Our Government disdains fairness, and that applies to the non-religious too. Opinion piece Barking & Dagenham Post 19.1.22
Rule-makers flouting lockdown rules gets people riled. Trashing of human rights law gets fewer headlines but should also cause outrage. Fairness and human rights are two sides of the same coin.
A Government bill, published in October, is designed to stop ordinary people from questioning Government decisions through the courts. If passed it will rob us of power to challenge the Government through judicial review. It’s described by Tory MP David Davies as ‘un-Conservative and undemocratic’ (Guardian 25.10.21).
The bill goes hand in hand with proposals to grab more power and push back on human rights, announced by Justice Secretary Raab in December. There is a three month public ‘consultation’ period. The plans fly in the face of the independent review commissioned by the Government, so don’t hold your breath expecting a re-think.
Anyone out of favour with Government Ministers will suffer. From refugees to anti-racist and environmental campaigners, to the non-religious. Why the non-religious? Because reasonable changes in the law for equal treatment of, say, teaching of non-religious world views in schools, and access to pastoral care in hospitals, have only been achieved through the levers of judicial review and the Human Rights Act.
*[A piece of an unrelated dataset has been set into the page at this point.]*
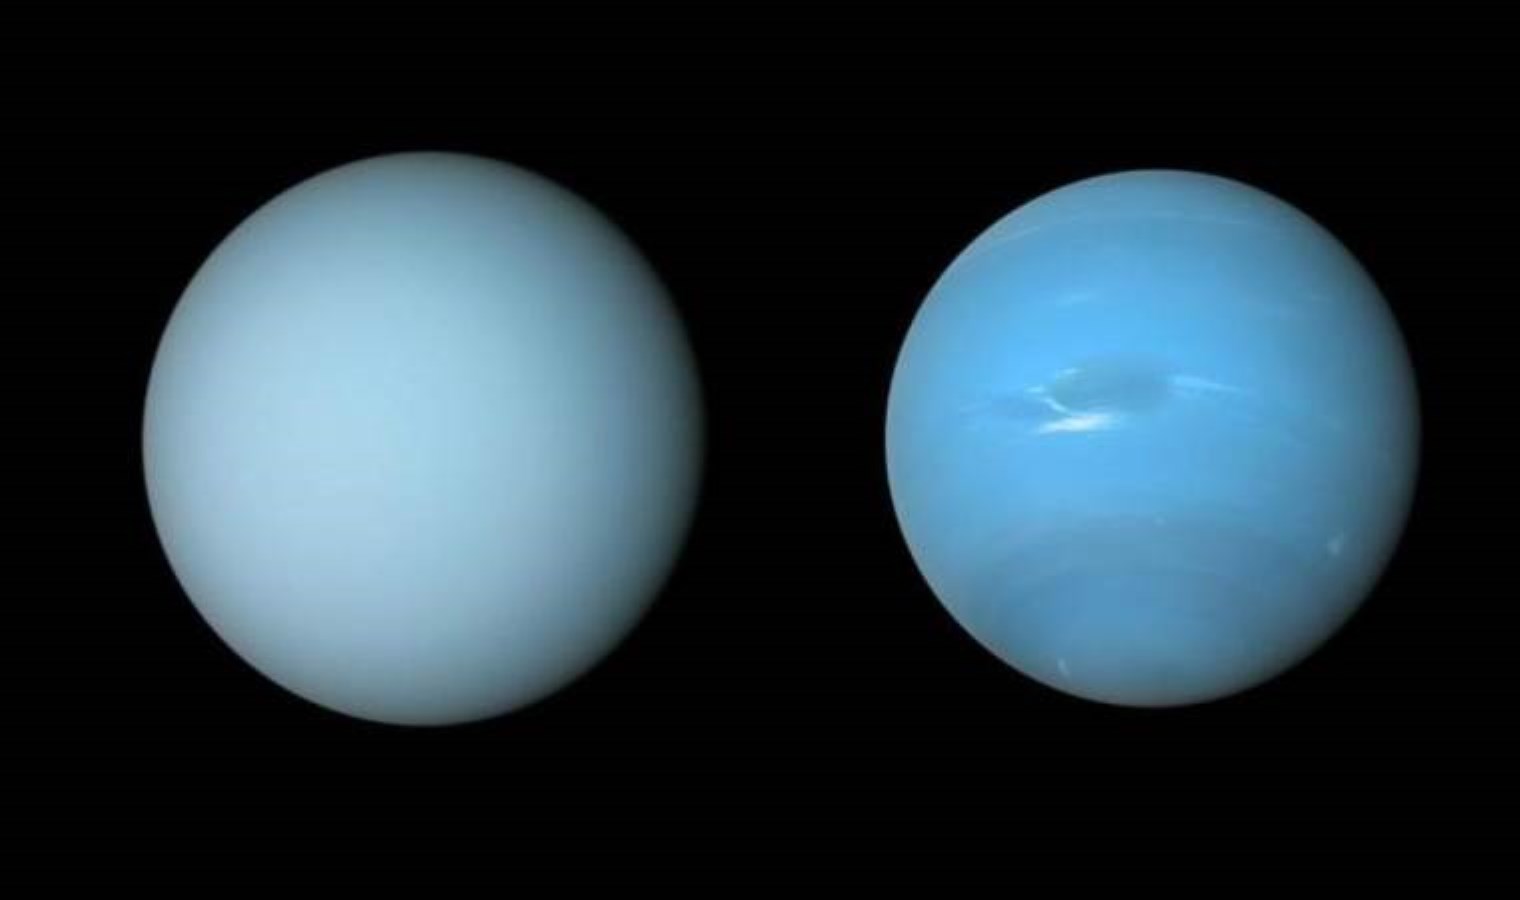 Τα αληθινά χρώματα των δύο πλανητών αποκαλύφθηκαν – Last Minute Science Technology News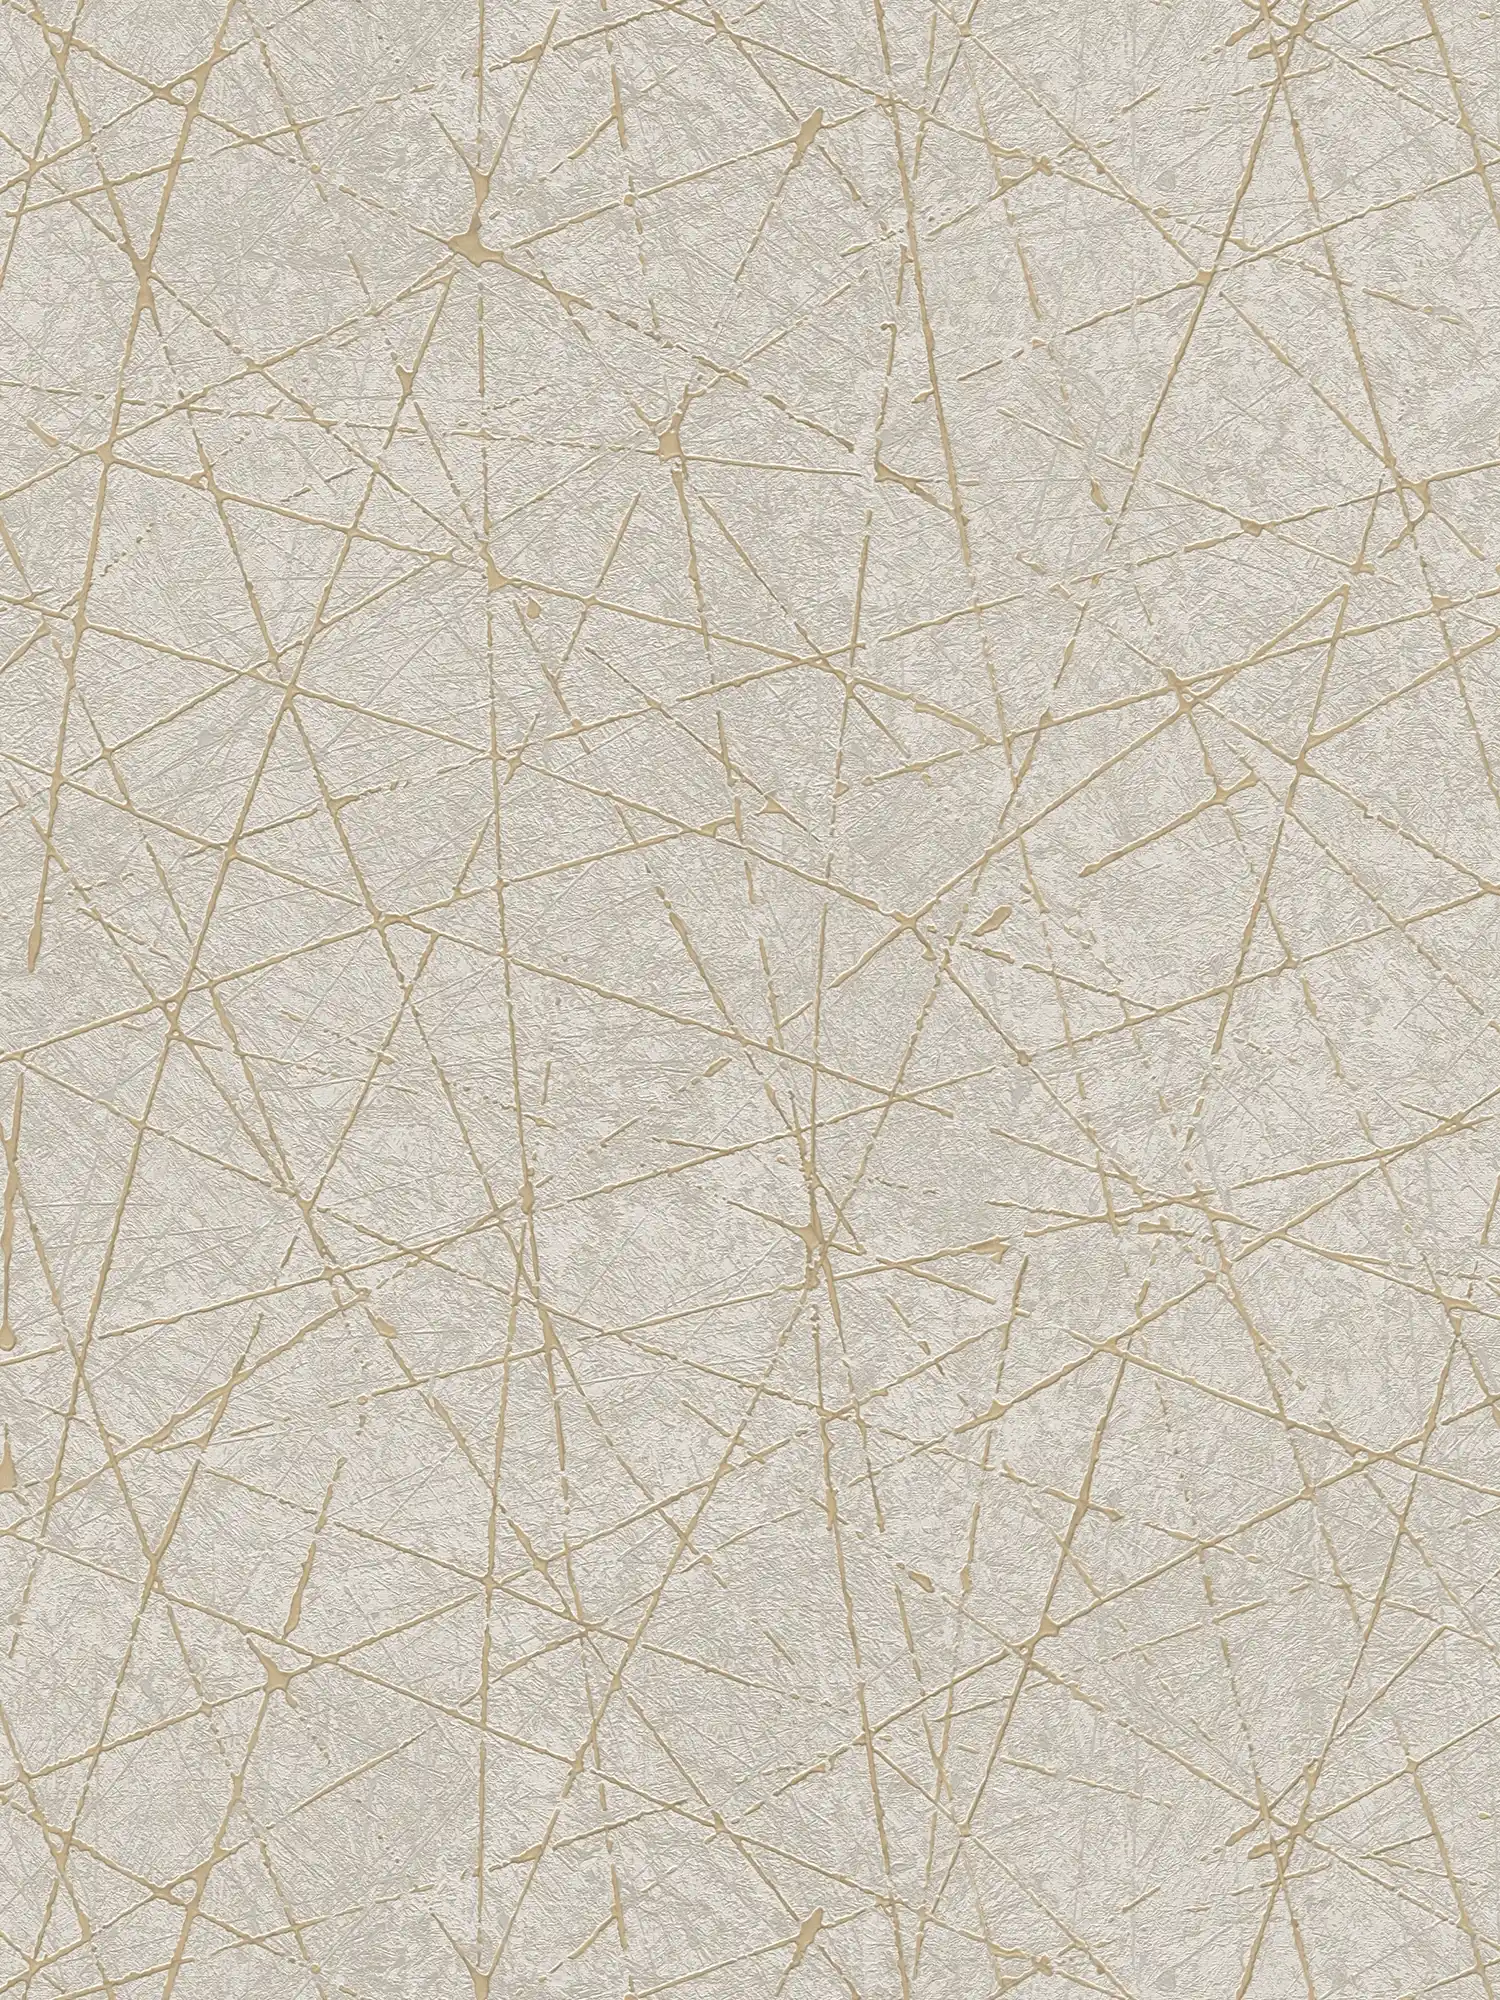 Carta da parati in tessuto non tessuto con linee grafiche ed effetto metallico - crema, grigio, oro

One example of ongoing unfairness is Government refusal to recognise Humanist marriages as lawful in England and Wales. They were legalised in N Ireland in 2018, and in Scotland in 2005, where they now outnumber religious marriages. Every religion enjoys this right, even the Aetherius Society, whose founder claimed contact with martians. But it looks like the Government has dug in its heels for Humanists. Their constitutional proposals now threaten blocking us getting justice through the courts on this, and many other issues.
Last May Prime Minister Johnson solemnised his marriage to Carrie Symonds in a Catholic ceremony at Westminster Cathedral. But Humanists, who have no religion, are still deprived of the opportunity to solemnise their marriages in accordance with their beliefs in a place of their choosing. A bit like cheese and wine parties during lockdown, it’s one rule for them, another rule for us.